What the task requires
Please repeat word for word the line containing "Gallery Low Cupboard" and every following line up to and including the last one below, pictures excluded.

Data section
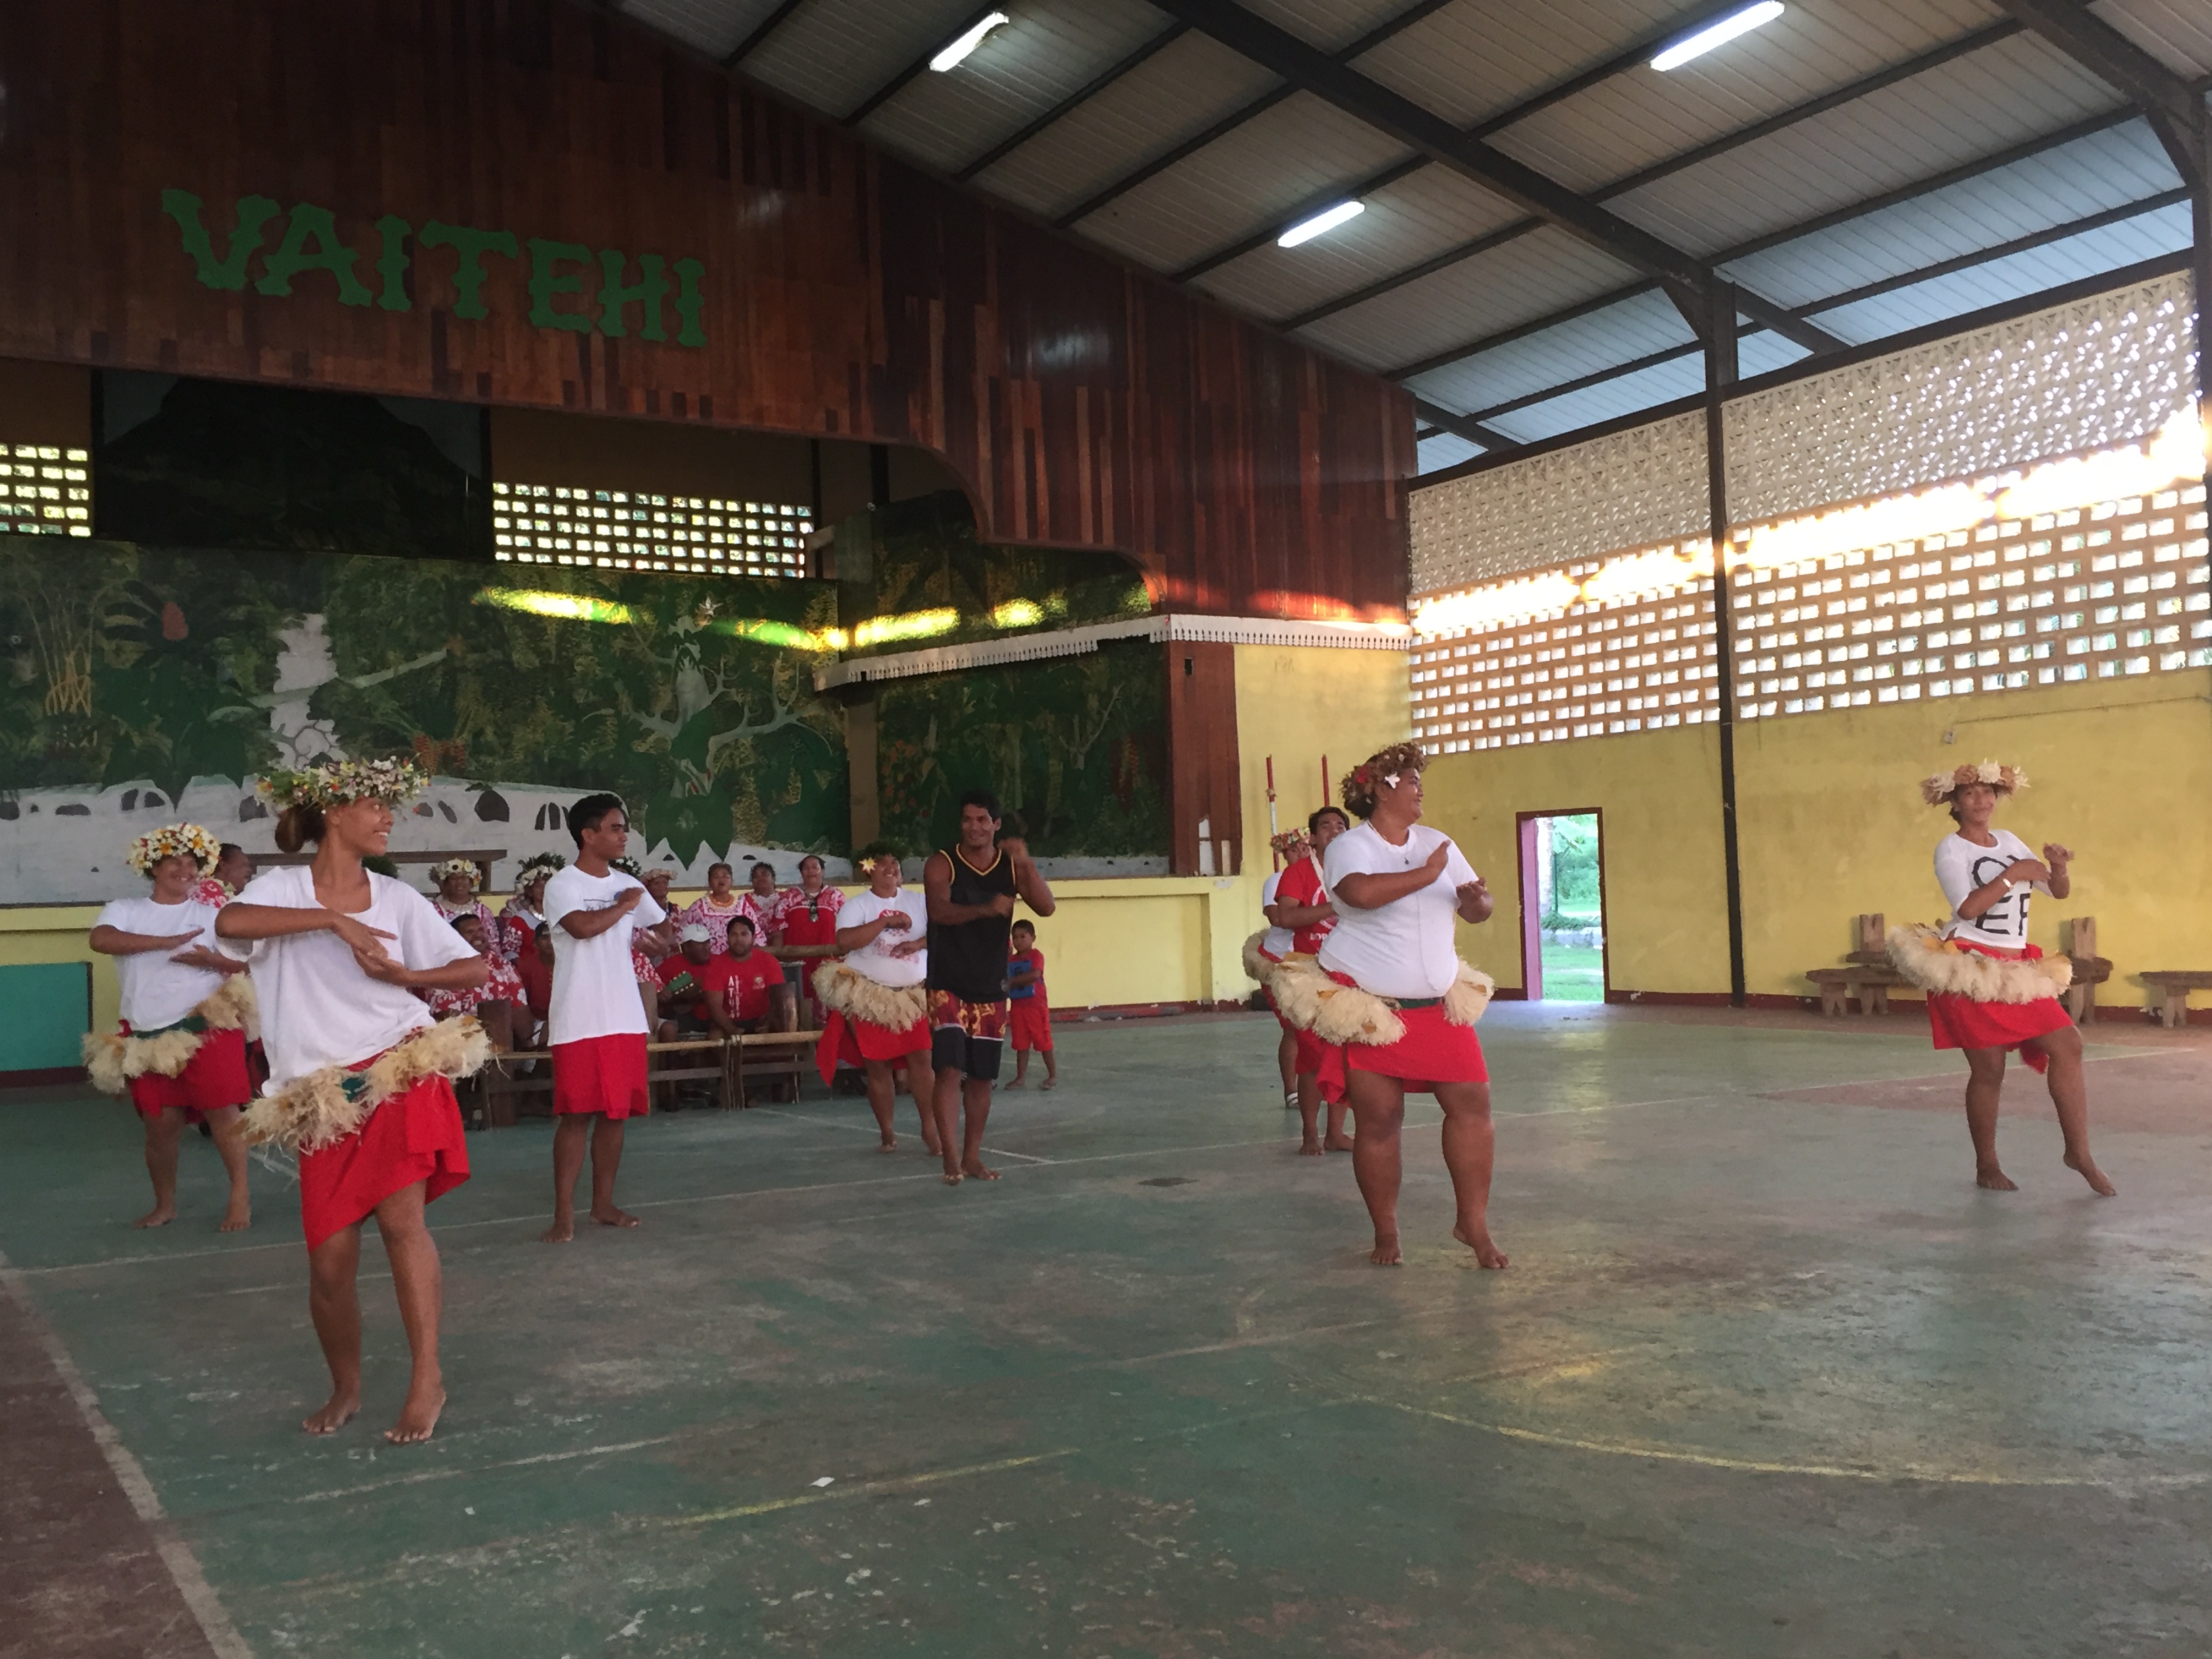 Le groupe a organisé sa répétition générale à Vaitehi avant de se produire à Aitutaki la semaine prochaine. Crédit : Commune de Bora Bora.
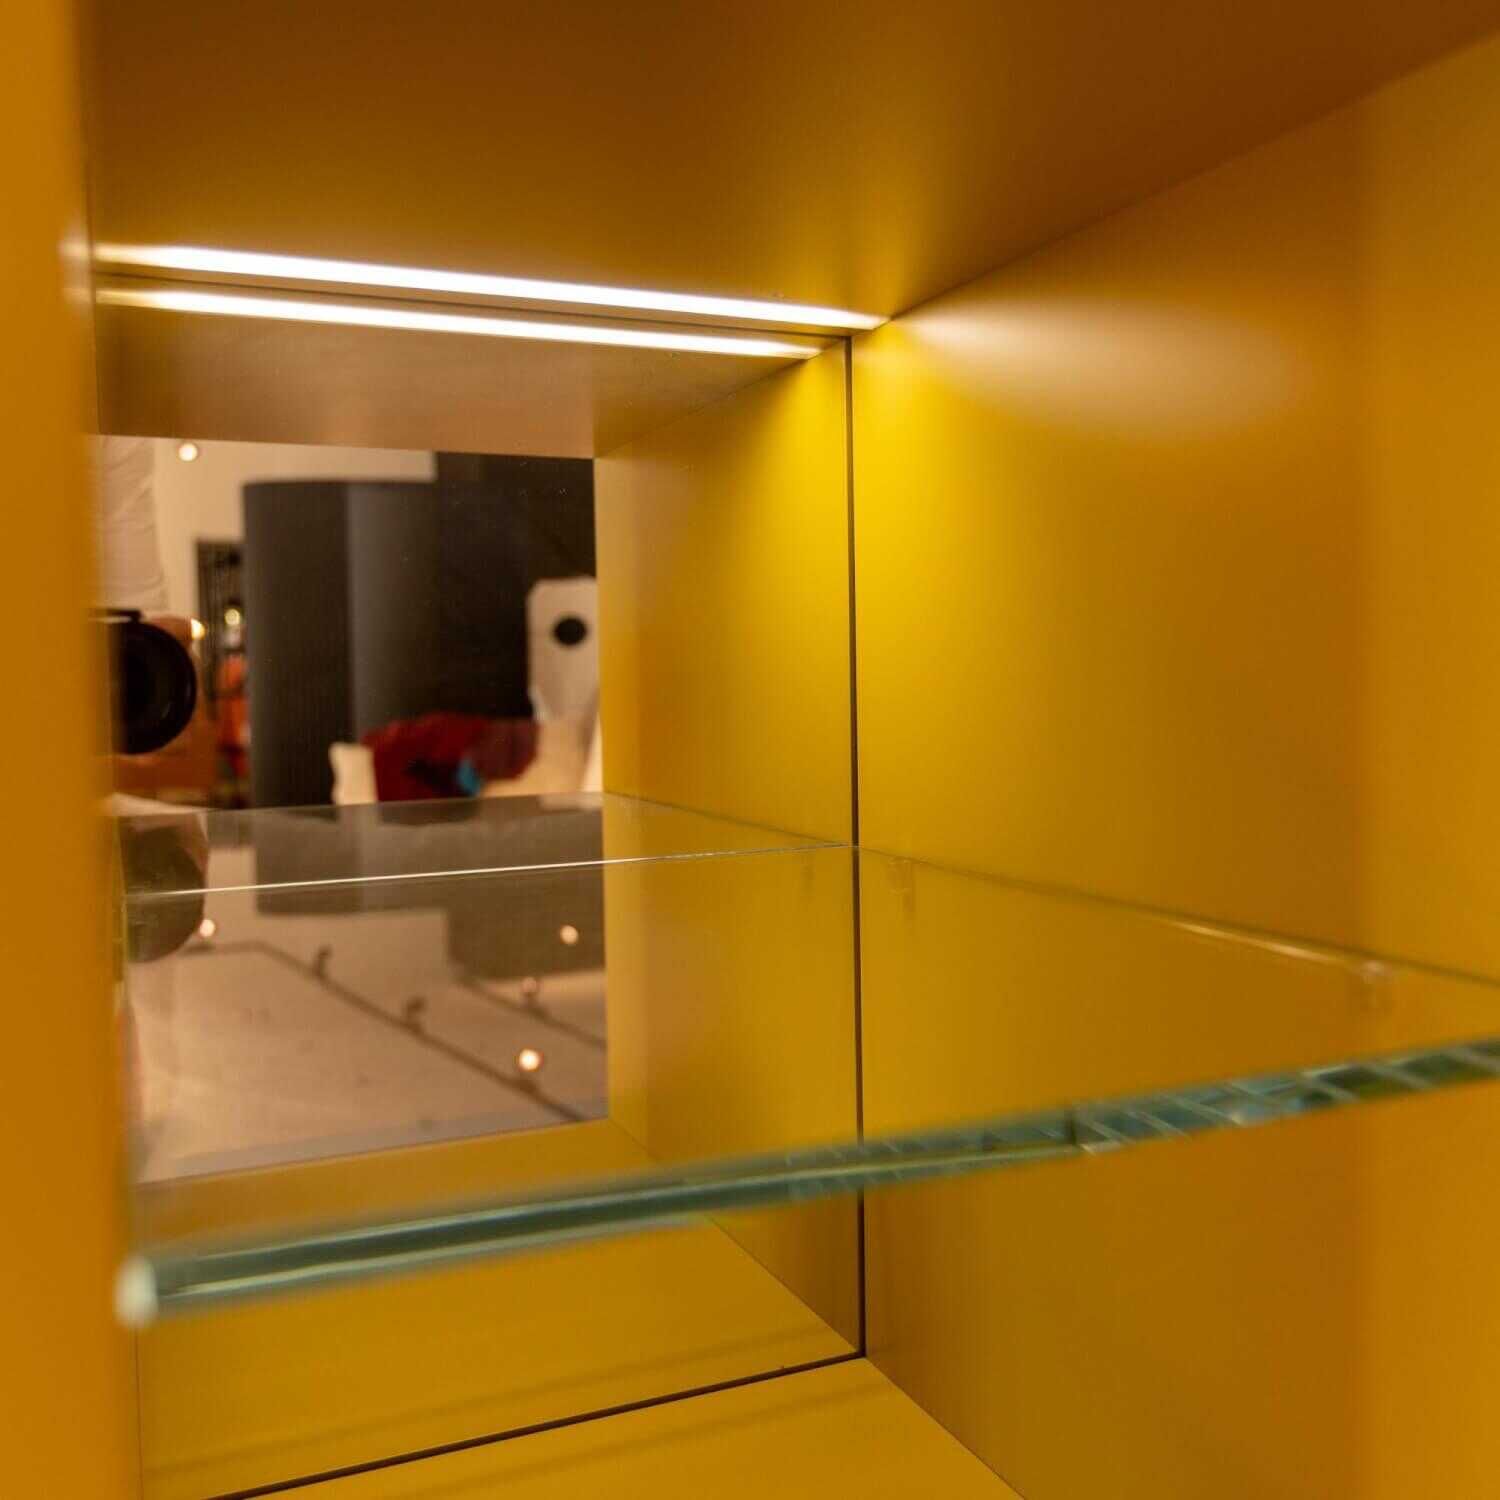 Gallery Low Cupboard Außen Holzfarbe W20 Mongoi Innen Giallo Mustard Rückwand Spiegel Mit Beleuchtun
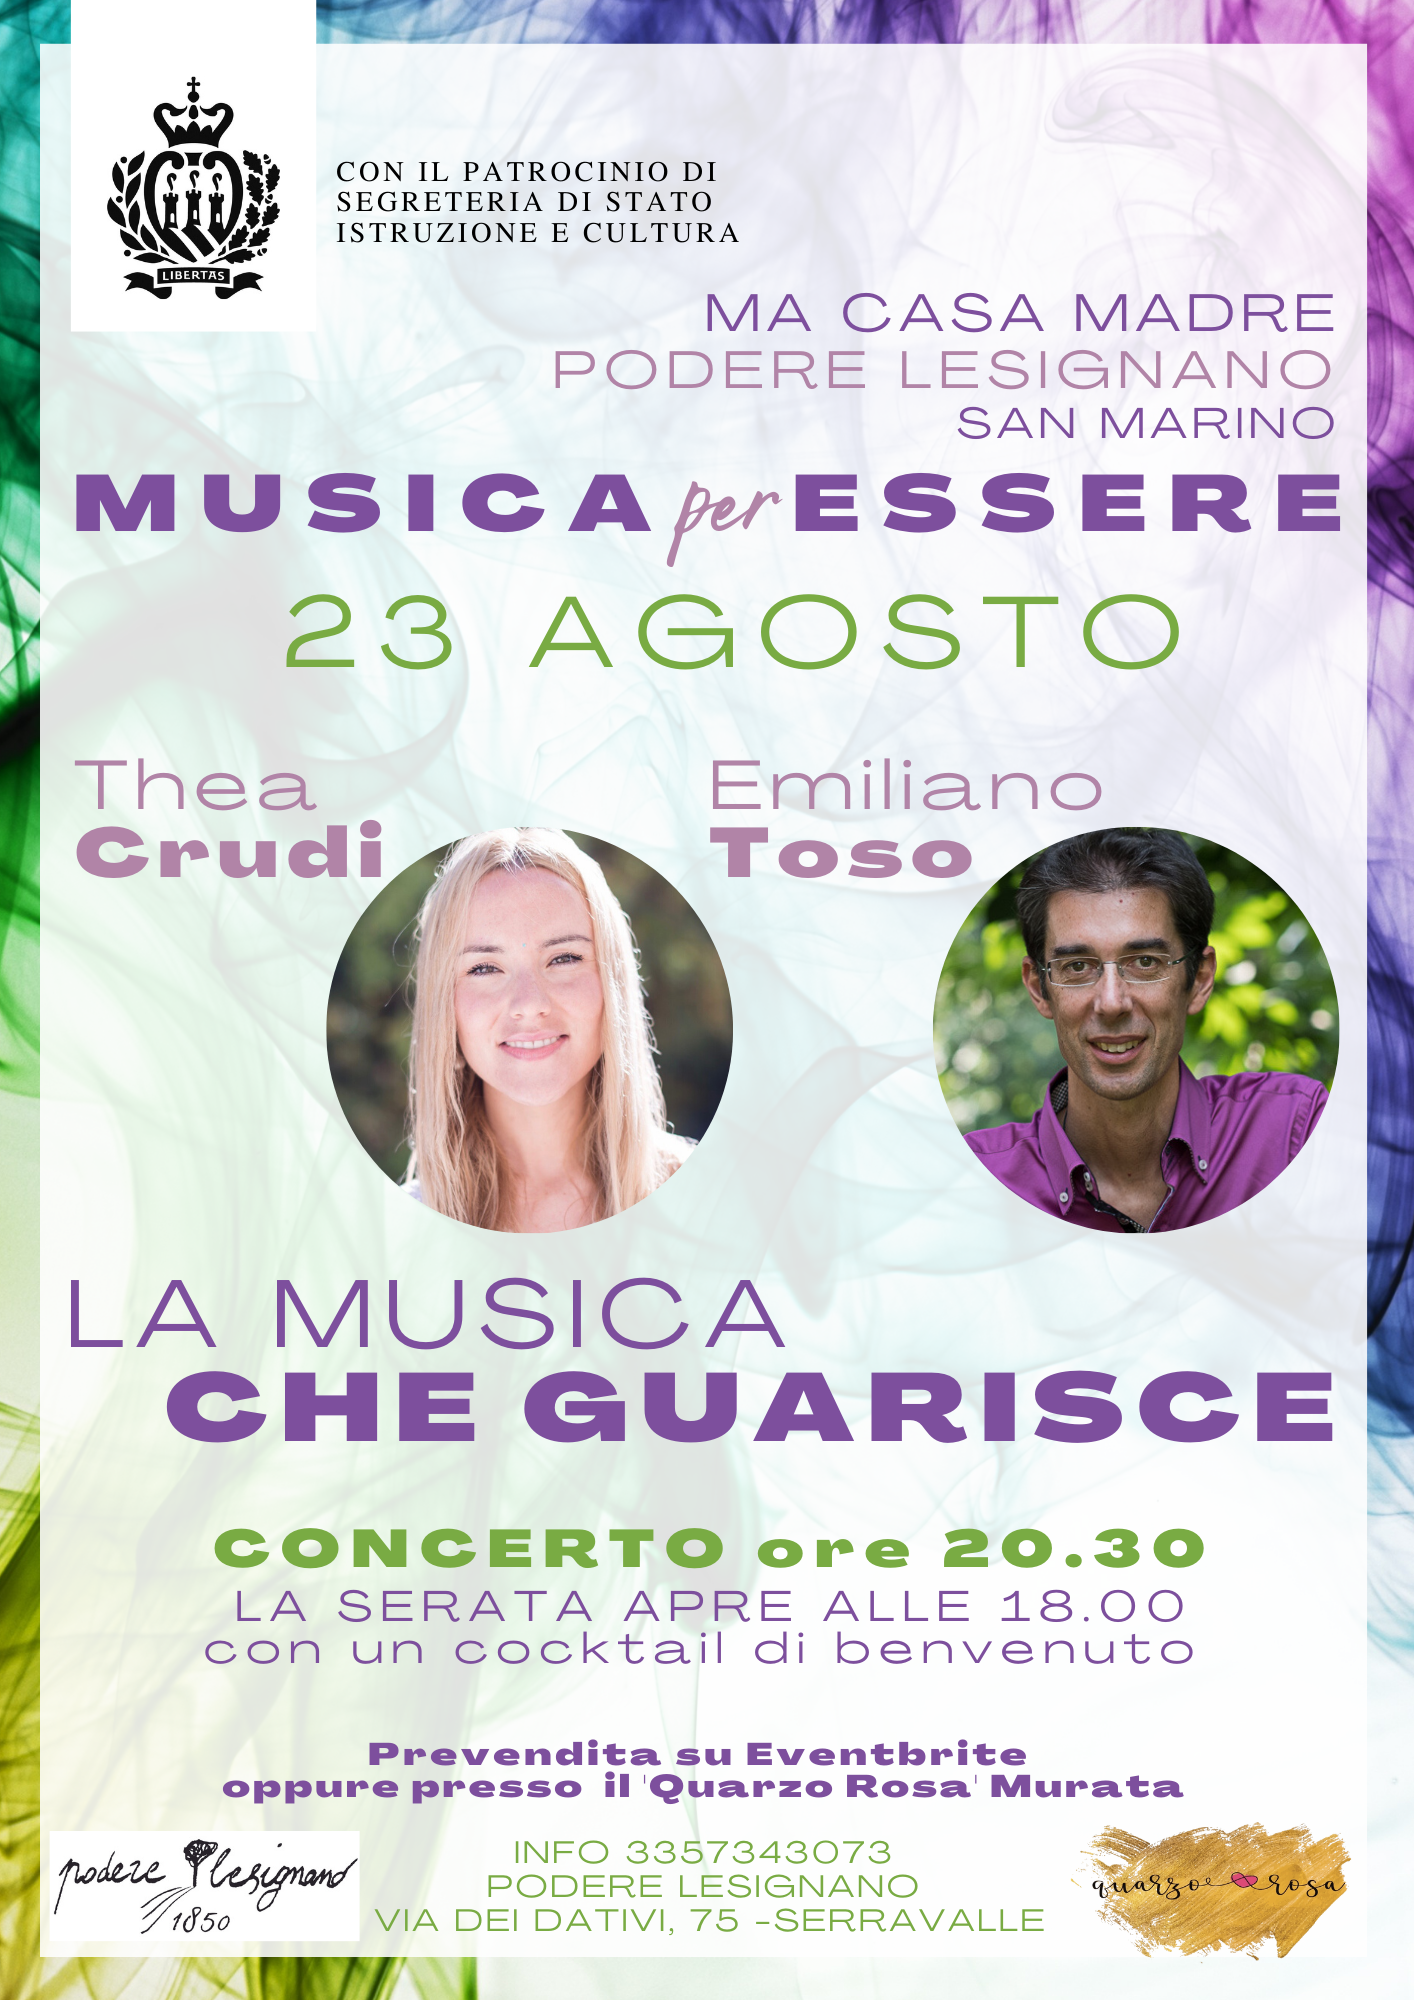 San Marino. “La Musica che guarisce”: Thea Crudi e Emiliano Toso in concerto il 23 agosto al Podere Lesignano

Reply
 Gallery Low Cupboard Außen Holzfarbe W20 Mongoi Innen Giallo Mustard Rückwand Spiegel Mit Beleuchtun
 San Marino. “La Musica che guarisce”: Thea Crudi e Emiliano Toso in concerto il 23 agosto al Podere Lesignano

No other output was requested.